Imliwati Lemtur

Personal information
- Full name: Imliwati Meren Lemtur
- Born: 25 December 1991 (age 34) Dimapur, Nagaland
- Batting: Left-handed
- Bowling: Slow left arm orthodox
- Role: Bowling all-rounder

Domestic team information
- 2018/19–present: Nagaland

Career statistics
| Competition | FC | LA | T20 |
| Matches | 41 | 46 | 33 |
| Runs scored | 811 | 336 | 166 |
| Batting average | 14.22 | 12.00 | 9.22 |
| 100s/50s | 0/4 | 0/0 | 0/0 |
| Top score | 61 | 45* | 20 |
| Balls bowled | 7,027 | 2,028 | 569 |
| Wickets | 121 | 51 | 26 |
| Bowling average | 31.96 | 30.58 | 26.46 |
| 5 wickets in innings | 6 | 0 | 0 |
| 10 wickets in match | 1 | 0 | 0 |
| Best bowling | 7/25 | 4/23 | 4/20 |
| Catches/stumpings | 13/– | 9/– | 7/– |
- Source: ESPNcricinfo, 19 September 2024

= Imliwati Lemtur =

Indian cricketer (born 1991)

Imliwati Lemtur (born 25 December 1991) is an Indian cricketer. He plays for Nagaland as a bowling All-rounder.

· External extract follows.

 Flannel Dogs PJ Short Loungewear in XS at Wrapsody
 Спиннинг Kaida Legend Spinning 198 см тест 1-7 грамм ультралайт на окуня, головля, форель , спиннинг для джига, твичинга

He made his List A debut for Nagaland in the 2018–19 Vijay Hazare Trophy on 19 September 2018. He was the leading wicket-taker for Nagaland in the 2018–19 Vijay Hazare Trophy, with ten dismissals in seven matches. He made his first-class debut for Nagaland in the 2018–19 Ranji Trophy on 1 November 2018. He made his Twenty20 debut for Nagaland in the 2018–19 Syed Mushtaq Ali Trophy on 21 February 2019.